- Task details -
Begin at the top of the records and copy each line exactly. The line containing "Rodeway Inn image 13" is the last one to include.

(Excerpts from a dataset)
· · · ·

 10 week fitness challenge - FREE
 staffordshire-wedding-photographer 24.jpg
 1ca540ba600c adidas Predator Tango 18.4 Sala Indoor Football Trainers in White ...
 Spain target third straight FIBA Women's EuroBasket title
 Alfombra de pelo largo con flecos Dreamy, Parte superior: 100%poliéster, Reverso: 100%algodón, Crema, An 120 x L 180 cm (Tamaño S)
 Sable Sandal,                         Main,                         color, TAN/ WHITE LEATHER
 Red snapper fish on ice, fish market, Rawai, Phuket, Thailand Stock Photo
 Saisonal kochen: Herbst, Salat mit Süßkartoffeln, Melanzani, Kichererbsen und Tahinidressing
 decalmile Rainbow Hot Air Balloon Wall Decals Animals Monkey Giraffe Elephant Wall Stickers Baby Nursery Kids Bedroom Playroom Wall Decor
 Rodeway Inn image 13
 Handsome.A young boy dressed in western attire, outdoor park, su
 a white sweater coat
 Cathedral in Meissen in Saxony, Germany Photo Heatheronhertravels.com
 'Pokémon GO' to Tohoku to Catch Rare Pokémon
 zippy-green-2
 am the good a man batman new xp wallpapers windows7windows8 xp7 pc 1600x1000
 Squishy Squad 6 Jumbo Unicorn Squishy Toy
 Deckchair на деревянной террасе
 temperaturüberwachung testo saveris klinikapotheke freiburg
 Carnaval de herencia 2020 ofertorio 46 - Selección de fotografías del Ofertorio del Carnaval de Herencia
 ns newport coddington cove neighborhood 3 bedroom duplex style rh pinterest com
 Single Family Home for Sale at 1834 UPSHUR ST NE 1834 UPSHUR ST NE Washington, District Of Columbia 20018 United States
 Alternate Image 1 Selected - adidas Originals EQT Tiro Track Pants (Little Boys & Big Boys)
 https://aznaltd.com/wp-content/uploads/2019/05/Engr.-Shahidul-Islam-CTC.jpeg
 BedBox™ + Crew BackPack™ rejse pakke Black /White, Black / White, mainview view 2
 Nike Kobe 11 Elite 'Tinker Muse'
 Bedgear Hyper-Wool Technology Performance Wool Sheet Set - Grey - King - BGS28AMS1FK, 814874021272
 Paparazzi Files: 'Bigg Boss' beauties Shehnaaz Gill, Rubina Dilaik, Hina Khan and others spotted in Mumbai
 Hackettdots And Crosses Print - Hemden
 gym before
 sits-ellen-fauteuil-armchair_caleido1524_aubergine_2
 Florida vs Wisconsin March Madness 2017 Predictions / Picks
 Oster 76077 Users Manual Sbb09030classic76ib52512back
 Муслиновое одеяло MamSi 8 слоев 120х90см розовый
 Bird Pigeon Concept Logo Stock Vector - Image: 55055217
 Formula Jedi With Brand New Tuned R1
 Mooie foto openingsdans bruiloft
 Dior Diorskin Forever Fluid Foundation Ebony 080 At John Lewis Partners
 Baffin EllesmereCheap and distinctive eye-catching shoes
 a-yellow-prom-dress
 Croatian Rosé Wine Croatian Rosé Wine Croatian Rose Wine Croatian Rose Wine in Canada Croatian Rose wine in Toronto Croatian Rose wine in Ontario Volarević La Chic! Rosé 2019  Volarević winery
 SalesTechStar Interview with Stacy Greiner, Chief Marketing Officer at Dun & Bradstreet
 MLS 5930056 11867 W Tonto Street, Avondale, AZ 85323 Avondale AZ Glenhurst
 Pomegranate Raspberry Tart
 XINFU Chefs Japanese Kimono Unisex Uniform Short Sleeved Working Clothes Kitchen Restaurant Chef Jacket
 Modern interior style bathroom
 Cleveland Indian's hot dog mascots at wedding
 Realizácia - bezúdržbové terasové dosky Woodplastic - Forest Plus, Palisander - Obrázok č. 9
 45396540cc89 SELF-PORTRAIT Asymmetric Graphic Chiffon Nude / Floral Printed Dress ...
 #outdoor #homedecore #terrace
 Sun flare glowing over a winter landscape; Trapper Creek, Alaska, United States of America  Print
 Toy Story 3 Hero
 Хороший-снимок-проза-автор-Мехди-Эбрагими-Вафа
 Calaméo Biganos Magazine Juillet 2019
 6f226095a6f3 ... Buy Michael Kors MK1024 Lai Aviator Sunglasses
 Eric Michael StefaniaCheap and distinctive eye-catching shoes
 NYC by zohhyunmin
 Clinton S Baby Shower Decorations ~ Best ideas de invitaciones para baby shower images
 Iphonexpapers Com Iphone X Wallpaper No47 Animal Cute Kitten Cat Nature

· · · ·

- Finished exercise -
 10 week fitness challenge - FREE
 staffordshire-wedding-photographer 24.jpg
 1ca540ba600c adidas Predator Tango 18.4 Sala Indoor Football Trainers in White ...
 Spain target third straight FIBA Women's EuroBasket title
 Alfombra de pelo largo con flecos Dreamy, Parte superior: 100%poliéster, Reverso: 100%algodón, Crema, An 120 x L 180 cm (Tamaño S)
 Sable Sandal,                         Main,                         color, TAN/ WHITE LEATHER
 Red snapper fish on ice, fish market, Rawai, Phuket, Thailand Stock Photo
 Saisonal kochen: Herbst, Salat mit Süßkartoffeln, Melanzani, Kichererbsen und Tahinidressing
 decalmile Rainbow Hot Air Balloon Wall Decals Animals Monkey Giraffe Elephant Wall Stickers Baby Nursery Kids Bedroom Playroom Wall Decor
 Rodeway Inn image 13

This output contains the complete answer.